The train lurched. In the window Mr. Cudlove and other people’s mothers dipped their faces into handkerchiefs and vanished. In his compartment, children larger than himself whimpered and chewed the cuffs of their new grey jackets. But Pym with one turn of his head glanced backward on his life thus far, and forward to the iron path of duty curling into the autumn mist, and he thought: here I come, your best recruit ever. I’m the one you need so take me. The train arrived, school was a mediaeval dungeon of unending twilight, but Saint Pym of the Renunciation was on hand immediately to help his comrades hump their trunks and tuck-boxes up the winding stone staircases, wrestle with unfamiliar collar-studs, find their beds, lockers and clothes-pegs and award himself the worst. And when his turn came to be summoned before his housemaster for an introductory chat Pym made no secret of his pleasure. Mr. Willow was a big homely man in tweeds and a cricket tie, and the Christian plainness of his room after Ascot filled Pym at once with an assurance of integrity.
“Well, well, what’s in here then?” Mr. Willow asked genially as he lifted the parcel to his great ear and shook it.
“It’s scent, sir.”
Mr. Willow misunderstood his meaning. “Sent? I thought you brought it with you,” he said, still smiling.
“It’s for Mrs. Willow, sir. From Monte. They tell me it’s about the best those Frenchies make,” he added, quoting Major Maxwell-Cavendish, a gentleman.
Mr. Willow had a very broad back and suddenly that was all Pym saw. He stooped, there was a sound of opening and closing, the parcel vanished into his enormous desk. If he’d had a nine-foot grappling iron he couldn’t have treated Pym’s gift with greater loathing.
“You want to watch out for Tit Willow,” Sefton Boyd warned. “He beats on Fridays so that you have the weekend to recover.”
But still Pym strove, bled, volunteered for everything and obeyed every bell that summoned him. Terms of it. Lives of it. Ran before breakfast, prayed before running, showered before praying, defecated before showering. Flung himself through the Flanders mud of the rugger field, scrambled over sweating flagstones in search of what passed for learning, drilled so hard to be a good soldier that he cracked his collarbone on the bolt of his vast Lee-Enfield rifle, and had himself punched to kingdom come in the boxing ring. And still he pulled a grin and raised his paw for the loser’s biscuit as he tottered to the dressing-room and you would have loved him, Jack; you would have said that children and horses needed to be broken, public school was the making of me.

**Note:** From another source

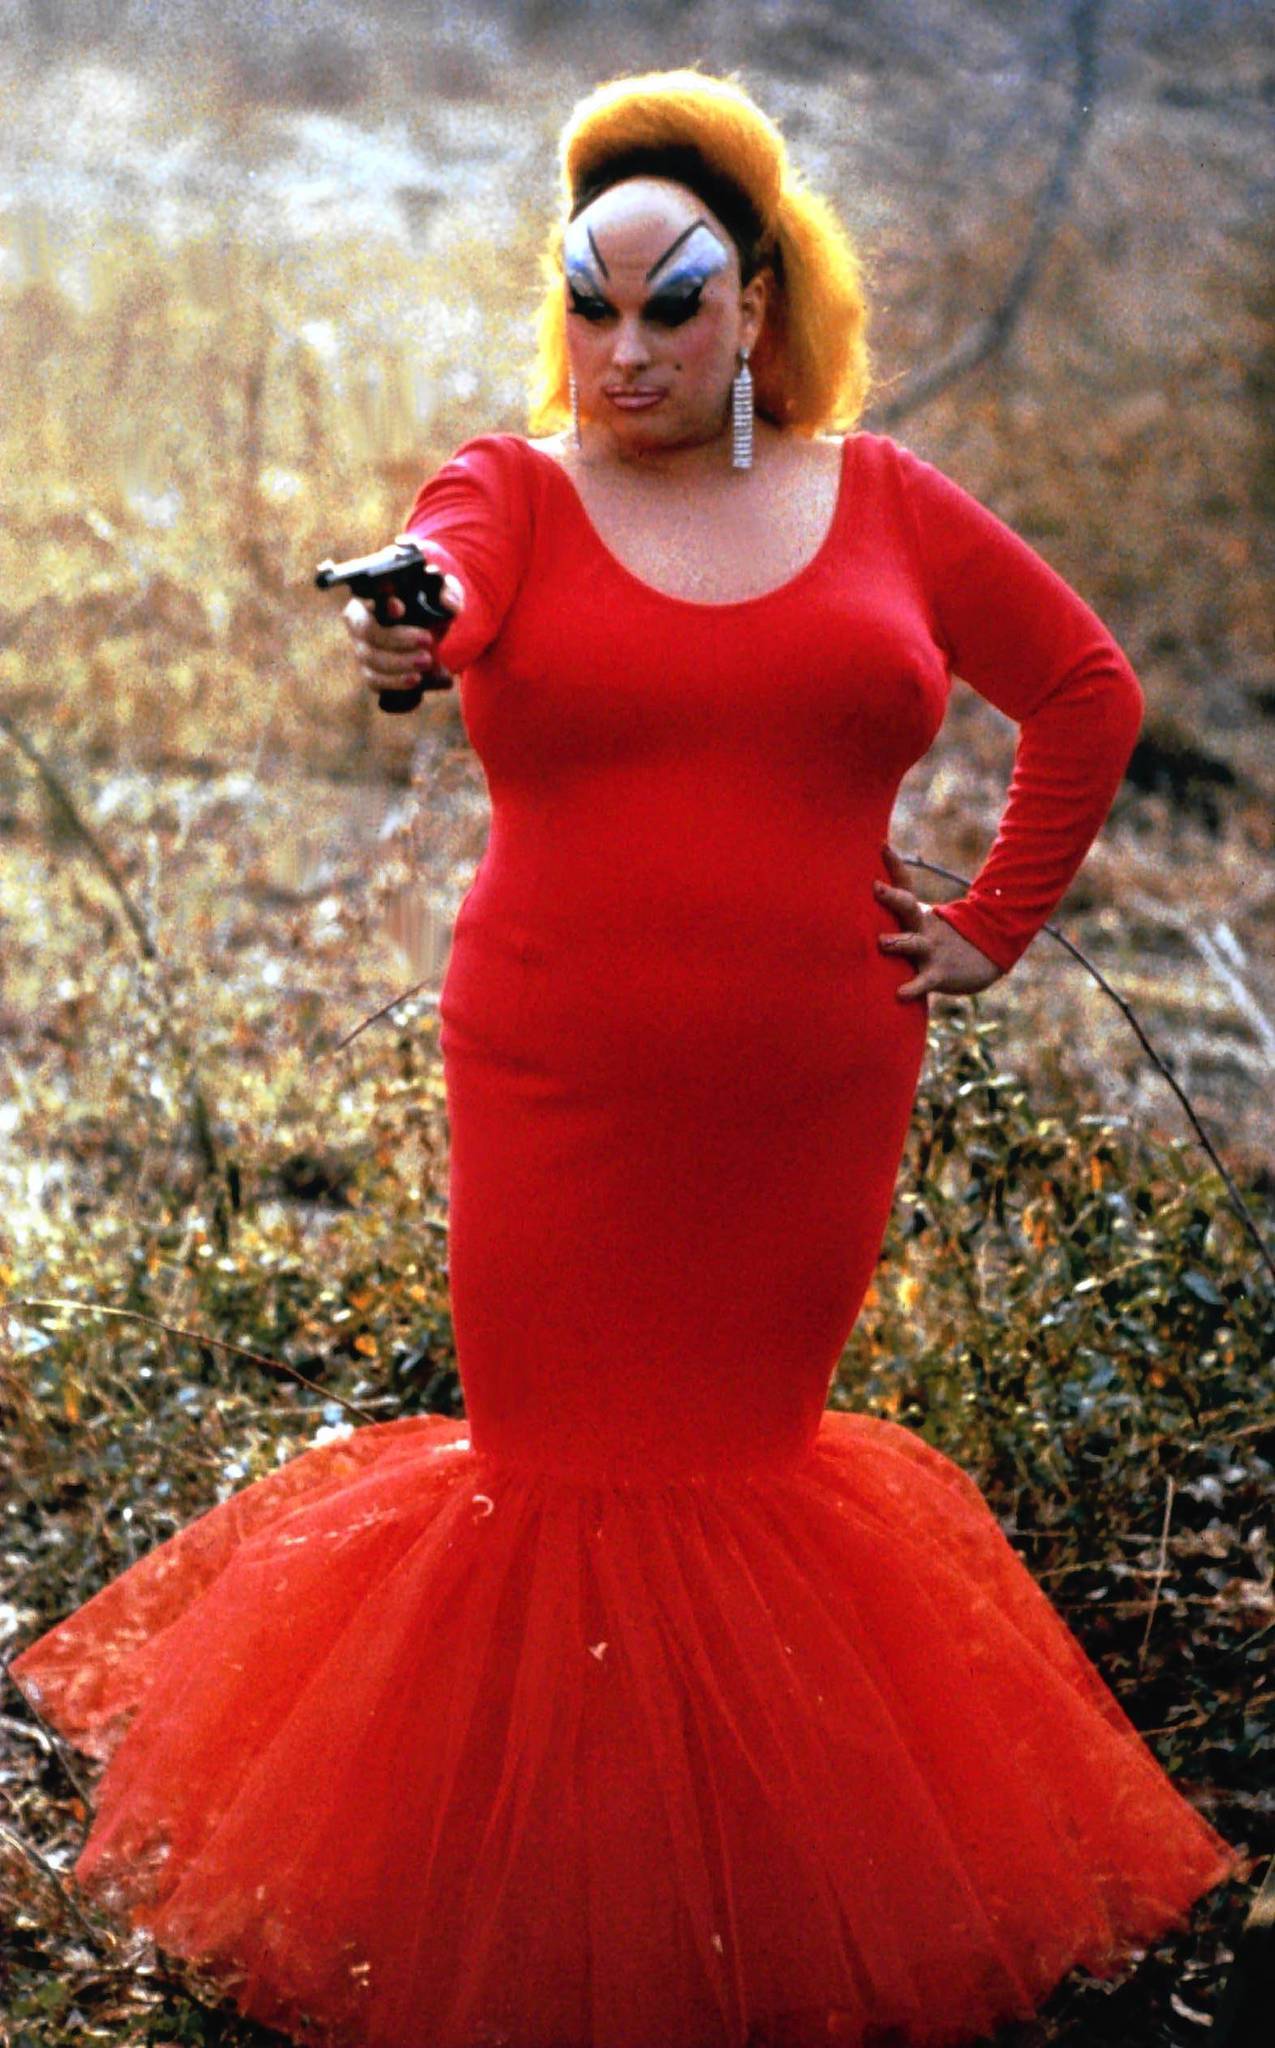 A Tribute to Divine, Hollywoods Most Infamous Drag Queen

I don’t think it was at all. I think it damn near killed me. But not Pym — Pym thought it all perfectly wonderful and shoved out his plate for more. And when it was required of him by the rigid laws of a haphazard justice, which in retrospect seems like every night of the week, he pressed his limp forelock into a filthy washbasin, clutched a tap in each throbbing hand, and expiated a string of crimes he didn’t know he had committed until they were thoughtfully explained to him between each stroke by Mr. Willow or his representatives. Yet when he lay at last in the trembling dark of his dormitory, listening to the creaks and kennel coughs of adolescent longing, he still contrived to persuade himself that he was a prince in the making and, like Jesus, taking the rap for his father’s divinity. And his sincerity, his empathy for his fellow man flourished unabated.
In a single afternoon, he could sit down with Noakes the groundsman, eat cake and biscuits in his cottage beside the cider factory and bring tears to the old athlete’s eyes with his fabricated tales of the antics of the great sportsmen who had let their hair down at the Ascot feasts. All nonsense, yet all perfectly true to him as he spun his magic. “Not the Don?” Noakes would cry incredulously. “The great Don Bradman himself, dancing on the kitchen table? In your house, Pymmie? Go on!” “And singing ‘When I Was a Child of Five’ while he was about it,” said Pym. Then while Noakes was still glowing from these insights, straight up the hill went Pym to faded Mr. Glover, the assistant drawing master, who wore sandals, to help him wash palettes and remove the day’s daubs of powder paint from the genitals of the marble cherub in the main hall. Yet Mr. Glover was the absolute opposite of Noakes. Without Pym the two men were irreconcilable. Mr. Glover thought school sports a tyranny worse than Hitler’s and I wish they’d throw their bloody football boots into the river, I do, and plough up their games fields and get on with some Art and Beauty for a change. And Pym wished they would as well and swore his father was going to send a donation to rebuild the arts school to twice its size — probably millions, but keep it secret.
“I’d shut up about your father if I were you,” said Sefton Boyd. “They don’t like spivs here.”